Uganda’s Land Act of 1998 allows communities to acquire land legally by forming Community Land Associations which can own the land. This provision was expected to promote responsible management of natural assets on the land, reduce degradation, promote sustainable forest management and help communities alleviate poverty. Unfortunately, no applications have been made to obtain registered landownership certificates. Impediments have included discouragement from politicians and an absence of proper guidelines for registration procedures. The lack of support has penalized poorer, less educated and generally marginalized people most heavily.

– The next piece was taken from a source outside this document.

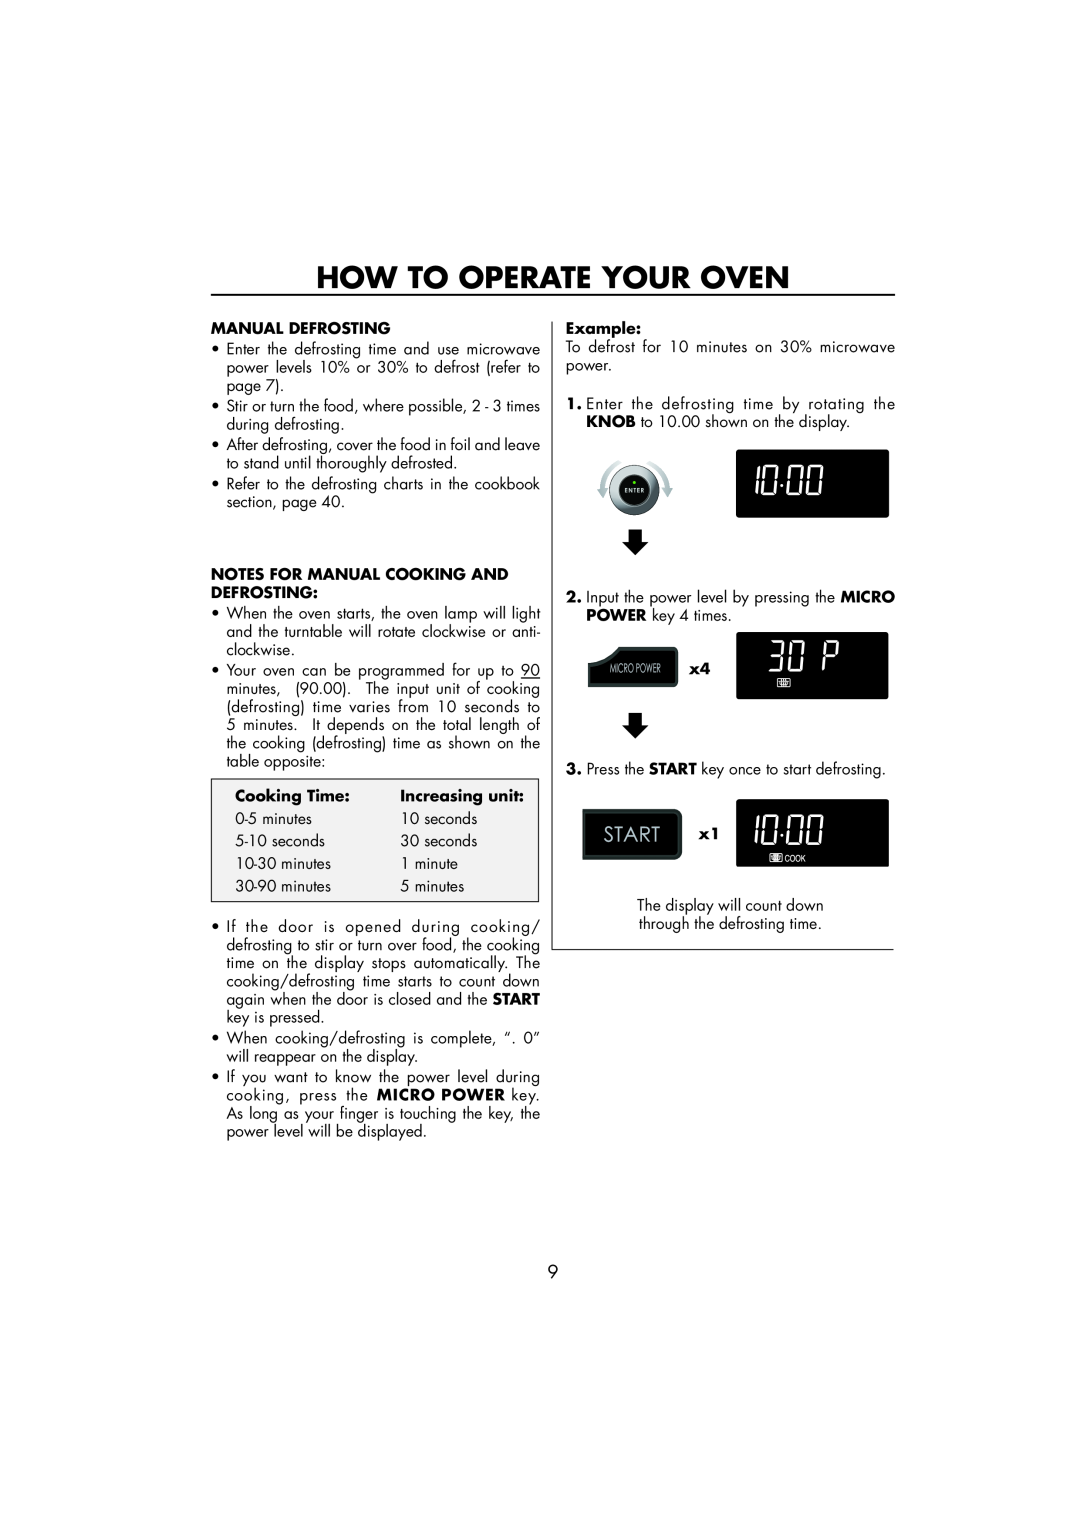 Sharp R-890SLM How To Operate Your Oven, Manual Defrosting, Notes For Manual Cooking And Defrosting, Cooking Time, Example

|In Uganda, community associations or individuals can acquire title to land, but a lack of guidelines and support has discouraged poor and marginalized people from seeking landownership certificates|
Secure tenure has much potential to contribute to reducing forest degradation and destruction. If this potential is to be realized, governments should give far greater emphasis to supporting local users, particularly disadvantaged groups, and to providing appropriate legislation.
Experience demonstrates that security of tenure is a necessary but not sufficient condition for effective forest management. For example, where the institutional framework is weak, the devolution of forest management responsibilities to individuals or communities is bound to fail.
In many African countries, changes towards locally based forest management have had concrete results only when reform has been carried out with adequate institutional support, capacity building and timelines. The case studies summarized above illustrate how ongoing and future forest tenure reforms need to address the following priority issues.
Clear, secure and diversified forest tenure systems are fundamental to sustainable forest management and rural livelihoods based on sustainable use of forest products. However, most current policies and legal frameworks continue to limit access to forest resources.
Evidence is emerging that in many countries in Africa, tenure arrangements that provide tangible rights to local users are more conducive than full State control of forests to sustainable forest management and livelihood improvement.
A number of African countries have reformed tenure systems to support locally based forest management. Experience suggests that the process of implementing tenure reform is as important as the tenure arrangement itself. It is critical to allocate sufficient time, to identify all stakeholders involved and the steps to be taken, and to create a monitoring system that allows for “learning by doing”.
A secure and diversified tenure system that takes into account the country’s particular socio-economic context and stakeholders’ capacities, and where multiple stakeholders share responsibilities and benefits, can help to mobilize investment and ensure social as well as environmental sustainability.